◆ Supplied information ◆
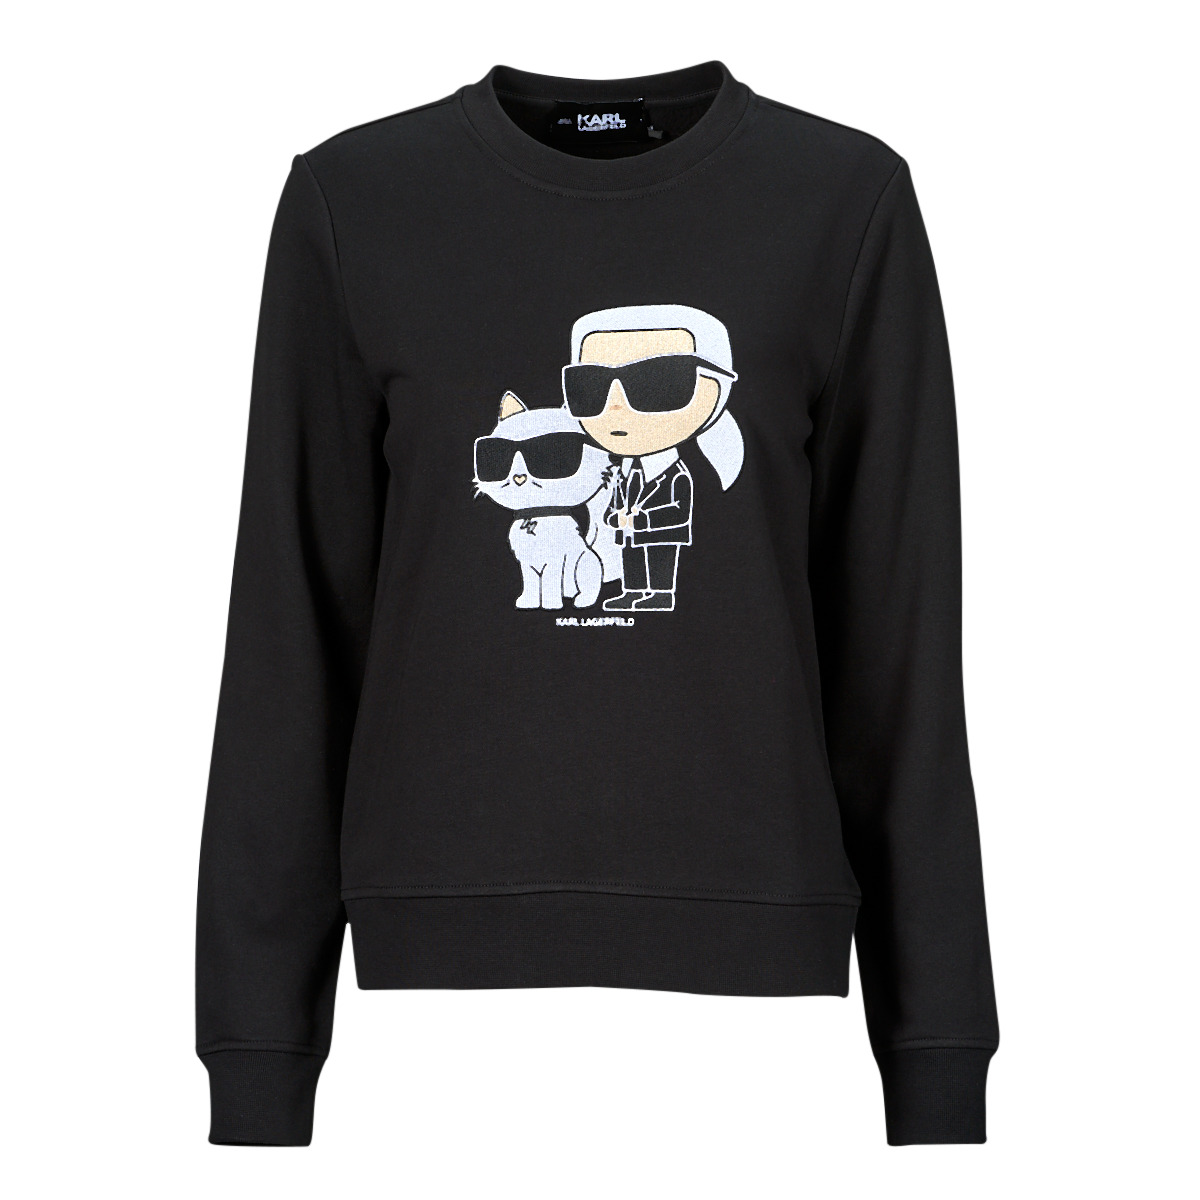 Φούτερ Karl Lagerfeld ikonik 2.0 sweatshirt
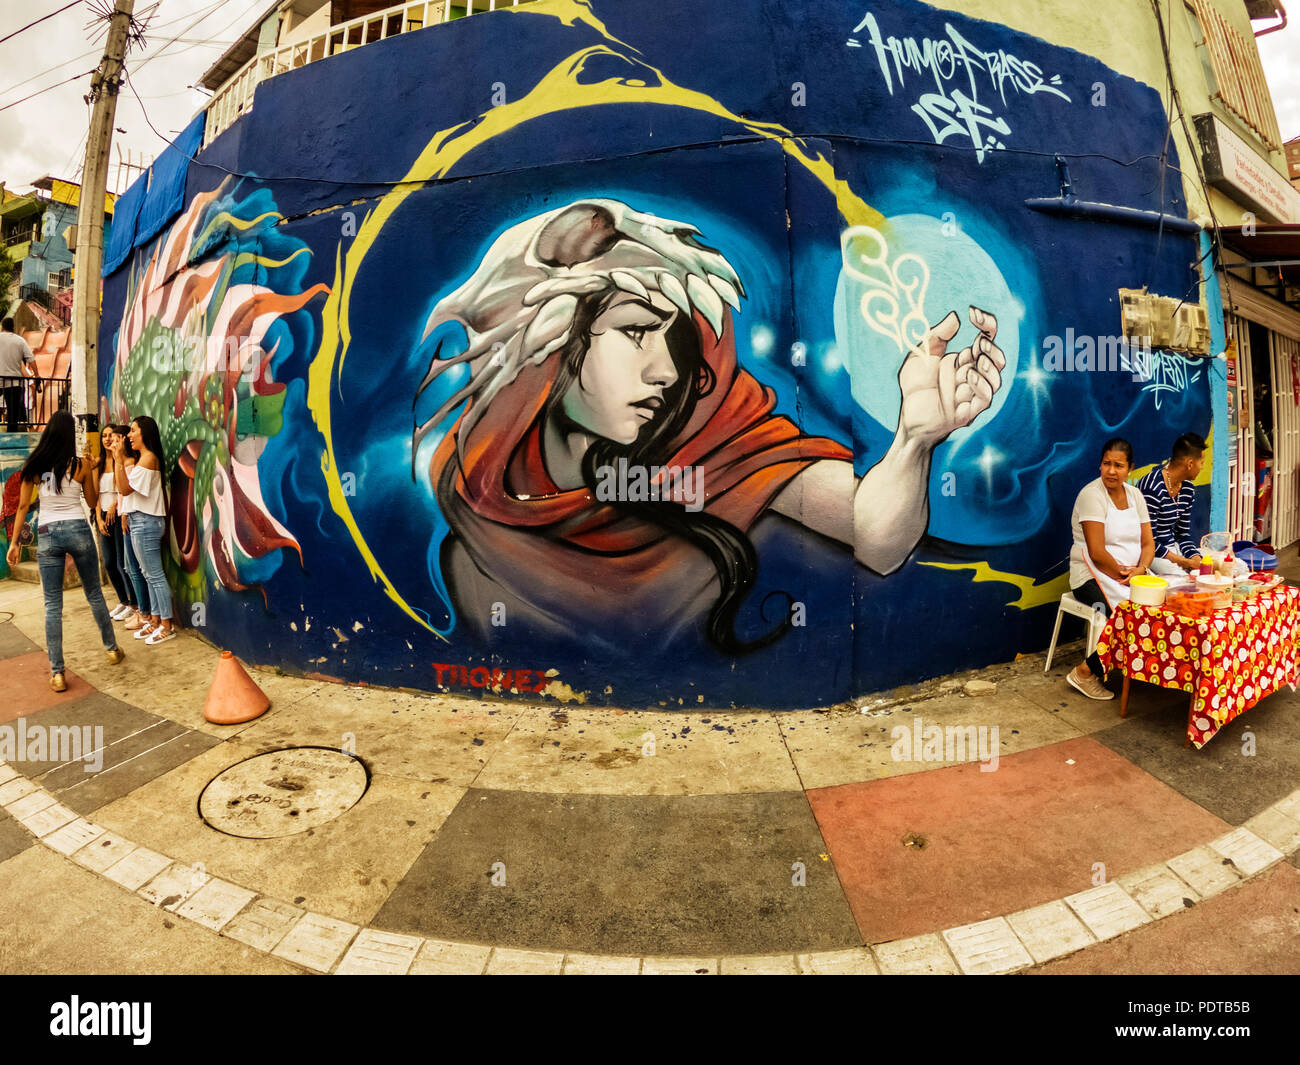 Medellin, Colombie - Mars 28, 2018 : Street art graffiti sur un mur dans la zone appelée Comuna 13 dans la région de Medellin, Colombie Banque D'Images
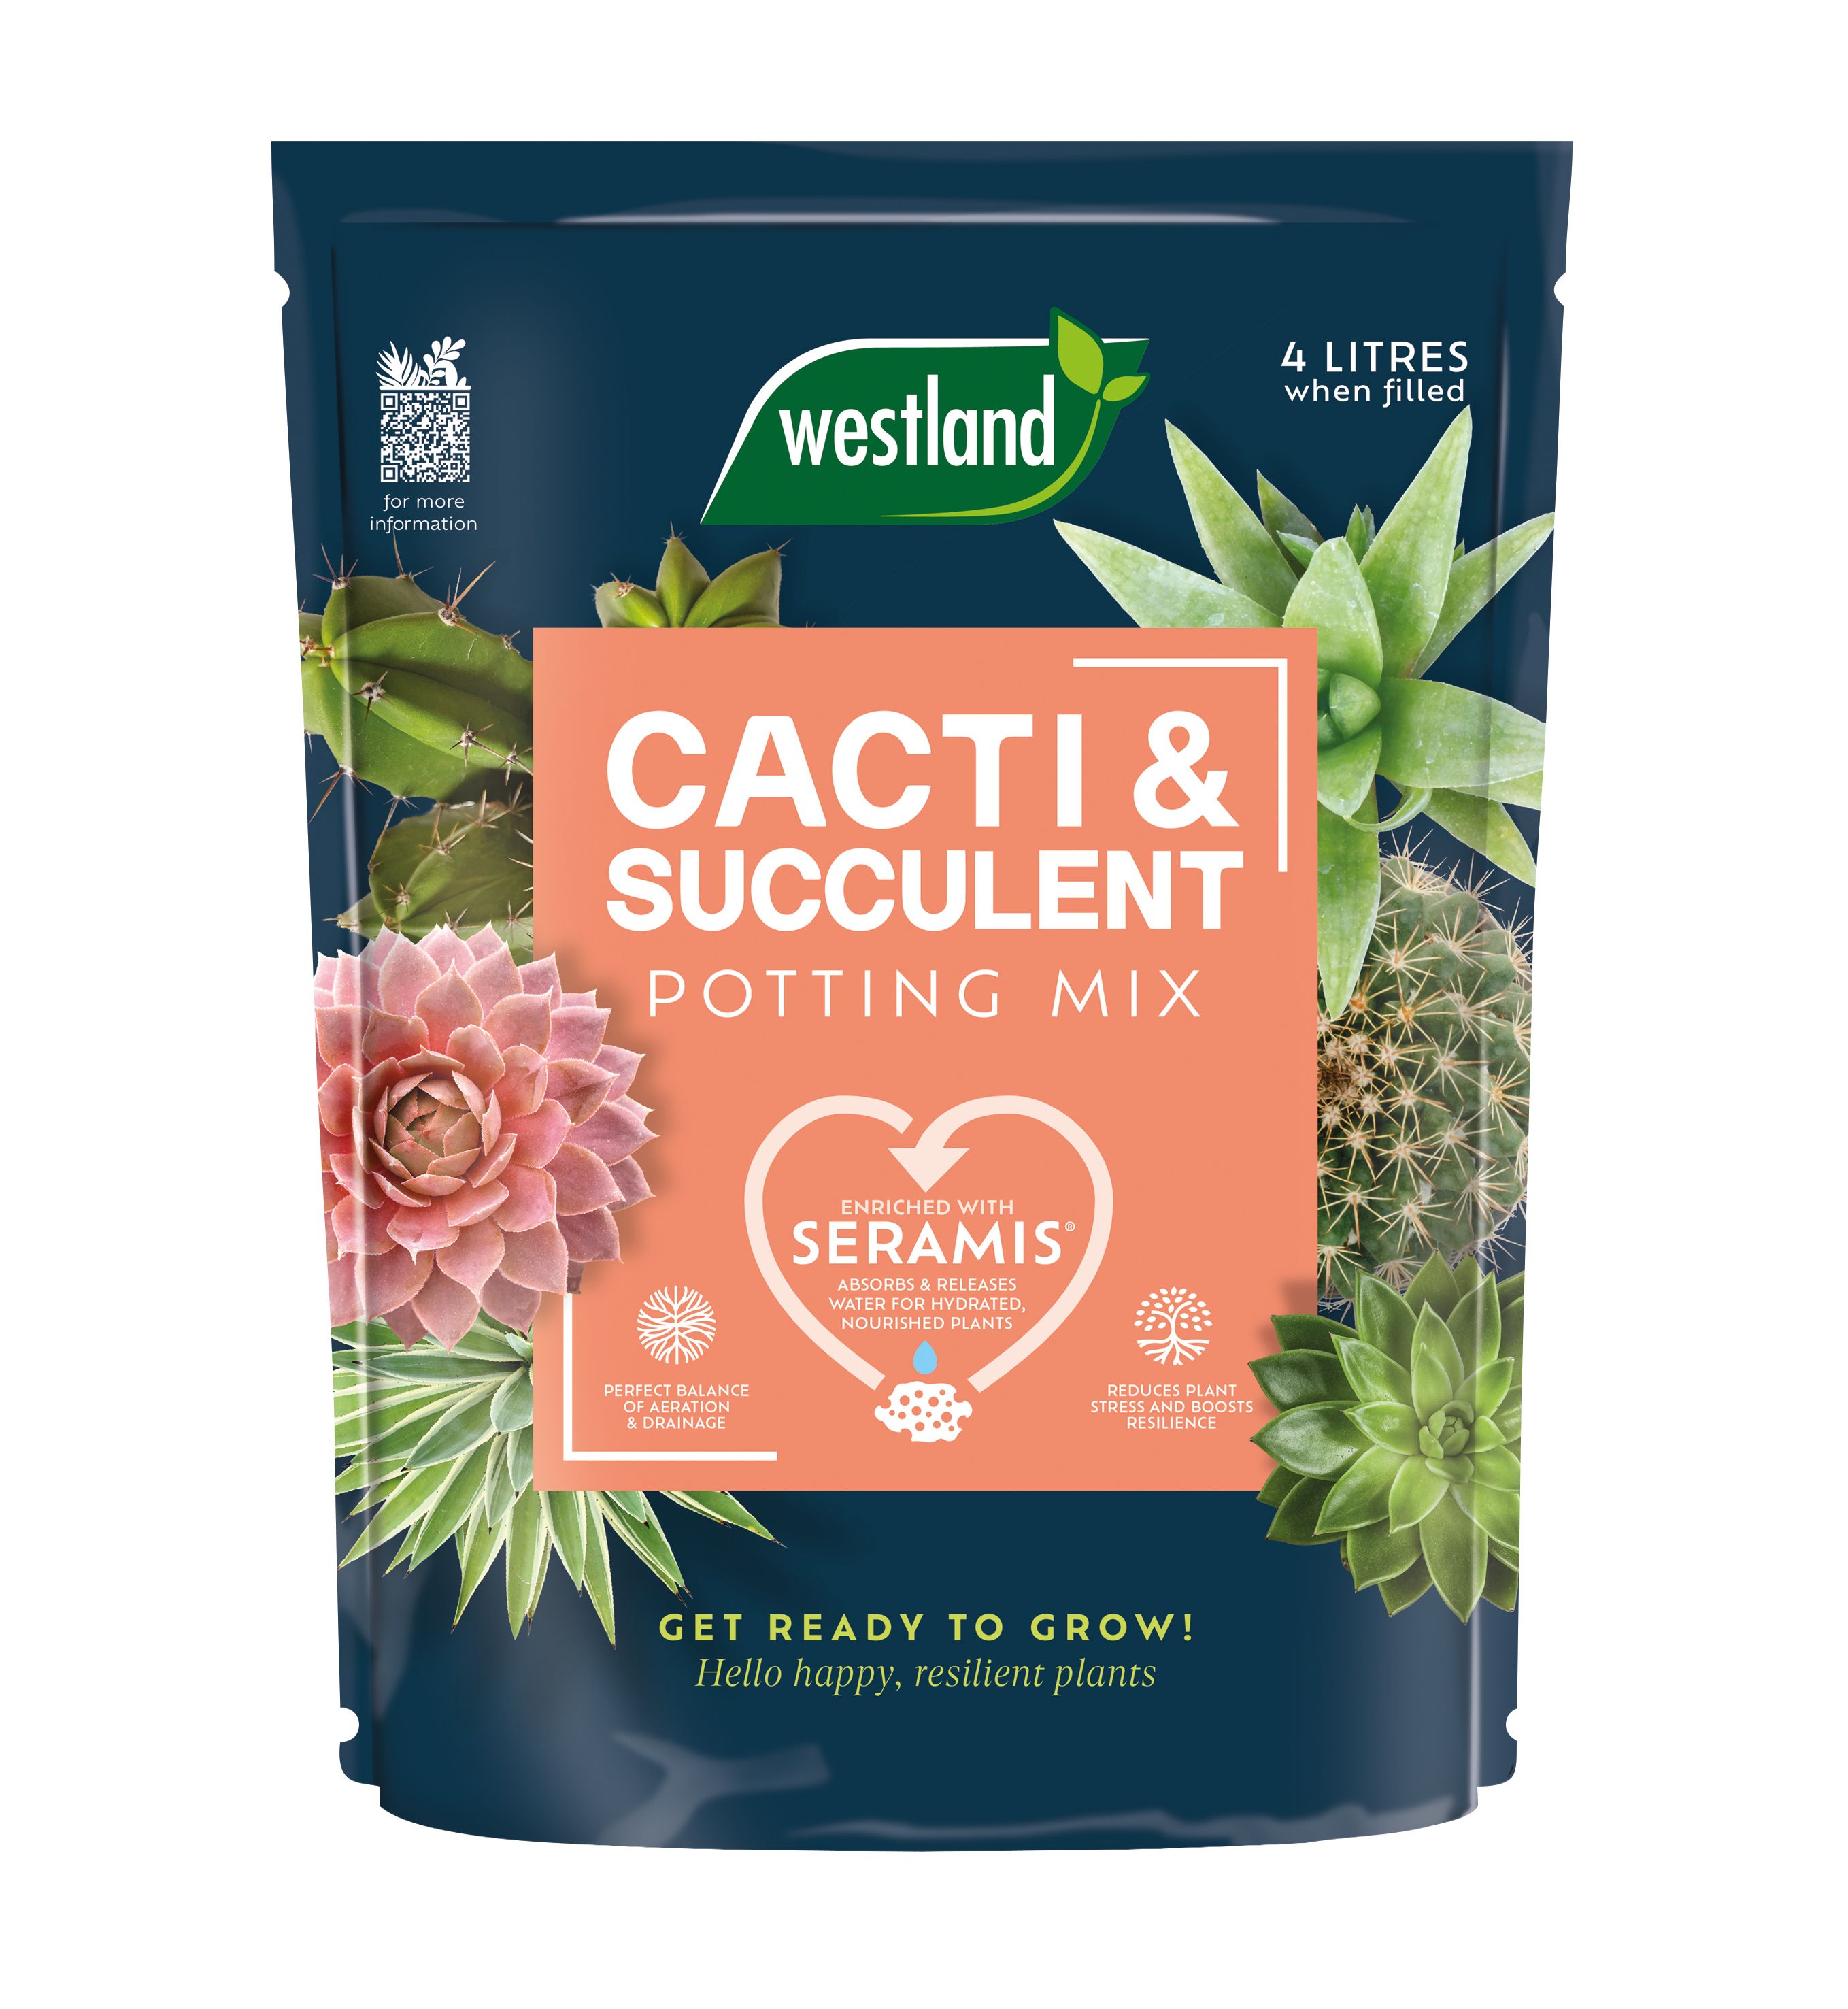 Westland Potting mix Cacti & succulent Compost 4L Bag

◆ Your task ◆
The range to set down runs from the line containing "Medellin, Colombie - Mars" through the final line of the data, both ends included; give it exactly and drop the pictures.

◆ Answer below ◆
 Medellin, Colombie - Mars 28, 2018 : Street art graffiti sur un mur dans la zone appelée Comuna 13 dans la région de Medellin, Colombie Banque D'Images
 Westland Potting mix Cacti & succulent Compost 4L Bag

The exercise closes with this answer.